The second large trial was identical in design to the first and comprised 273 patients injected with BoNT-A (n = 202) or placebo (n = 71). As in the first trial, response to BoNT-A peaked at day 30 for both physician- and patient-assessment and was significantly greater than for placebo at every follow-up visit (p <0.001) (Fig. 3.3). No treatment-related serious complications were reported; the most common adverse events in the BoNT-A group were headache (11.4%) and unilateral blepharoptosis (1%).

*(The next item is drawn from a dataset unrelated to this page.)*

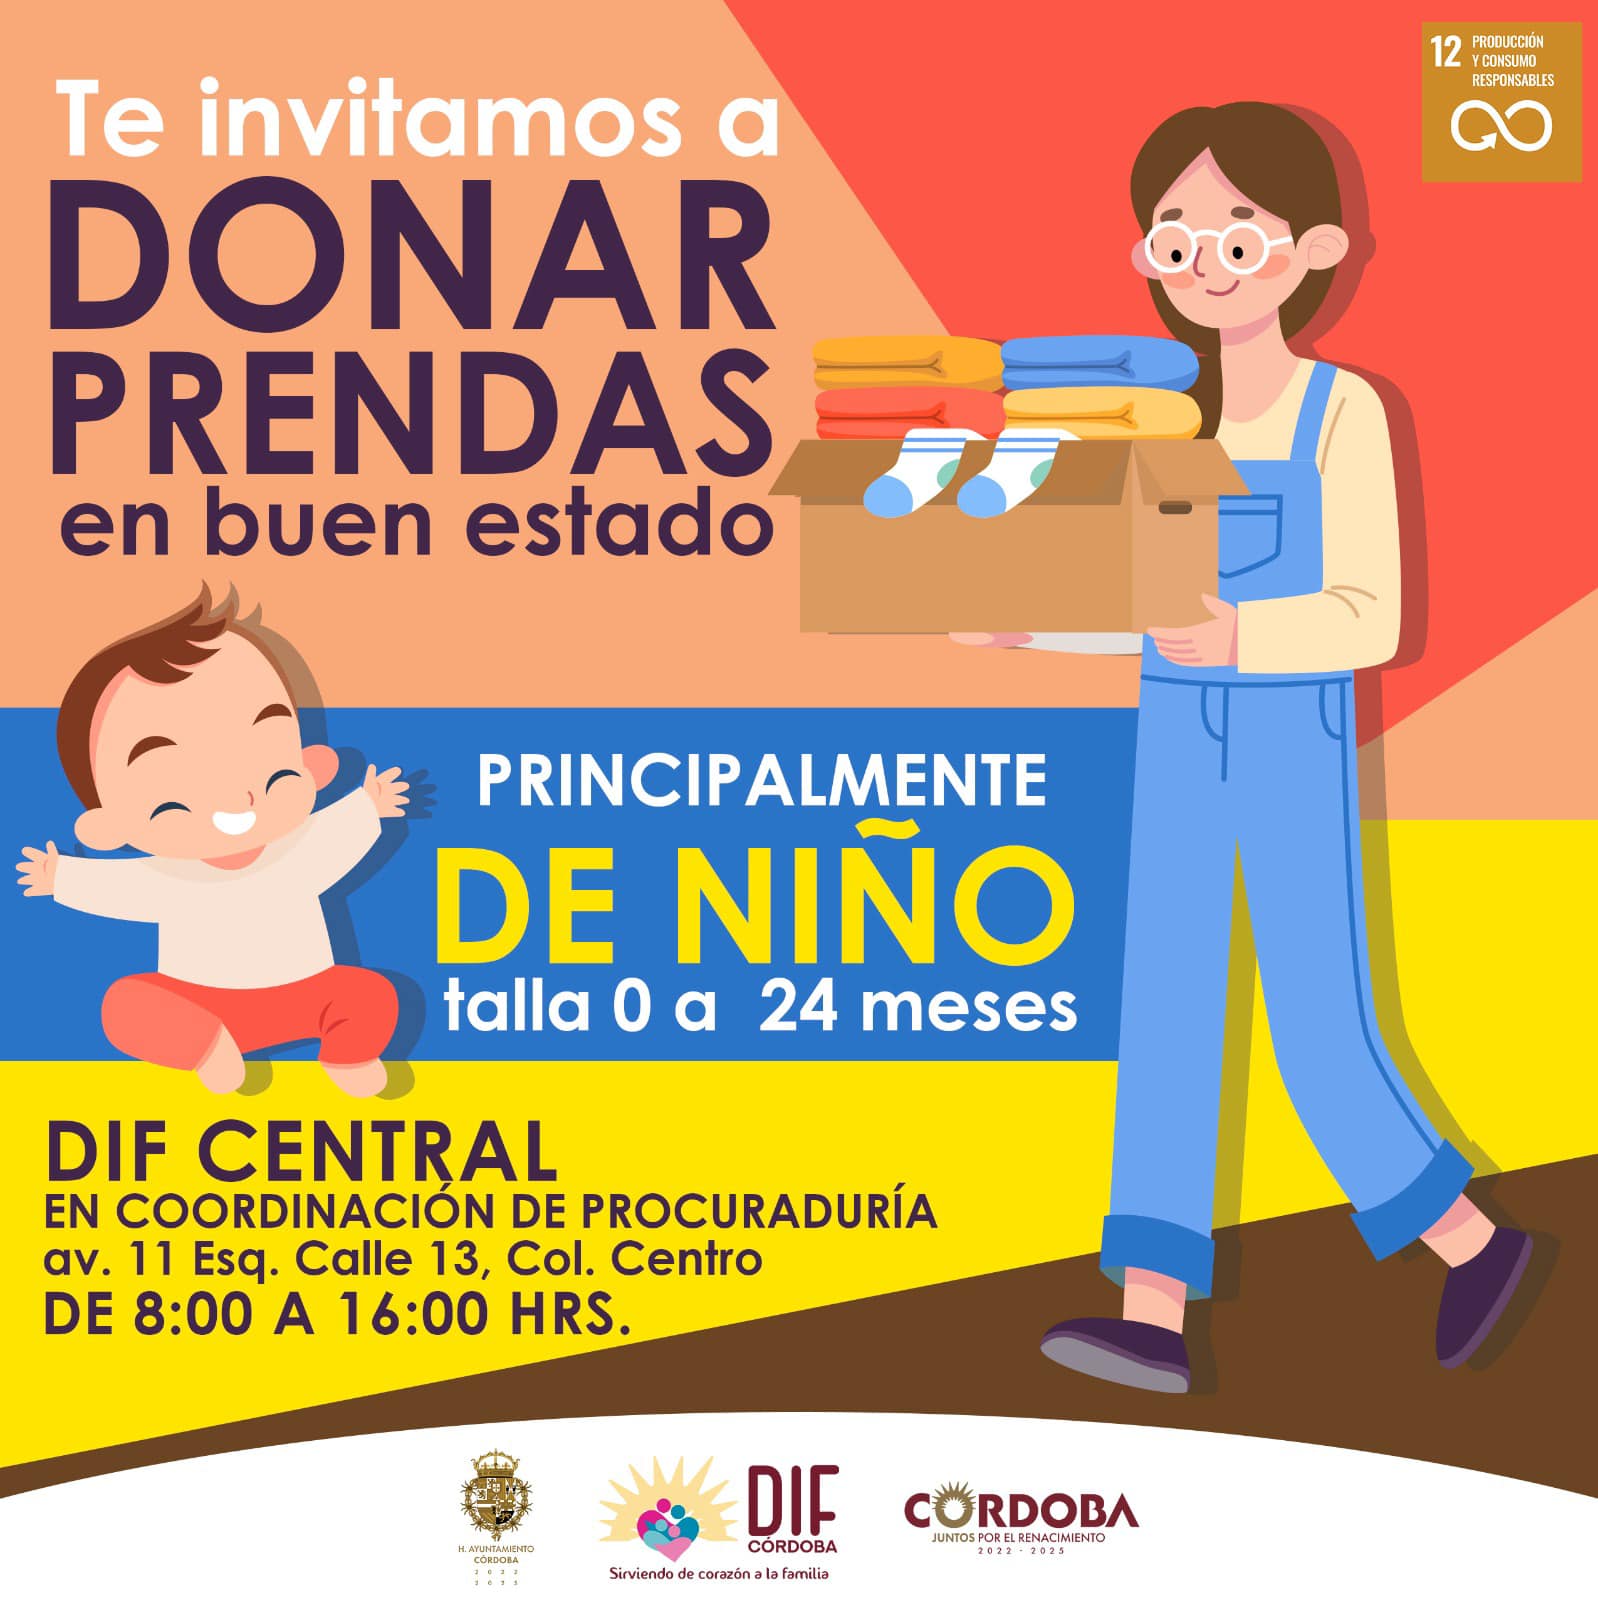 DIF Municipal invita a la población a donar ropa de niño de 0 a 24 meses.

Figure 3.3 Response to BoNT peaked at day 30 and was significantly greater than for placebo at every follow-up visit.

Data from Carruthers JA, Carruthers JDA, Lowe NJ, et al 2004 One year, randomized, multicenter, two period study of the safety and efficacy of repeated treatments with botulinum toxin type A in patients with glabellar lines. Journal of Clinical Research 7:1–20.

In April of 2002, the FDA approved BoNT-A for the non-surgical reduction of glabellar furrows. The rest, as they say, is history.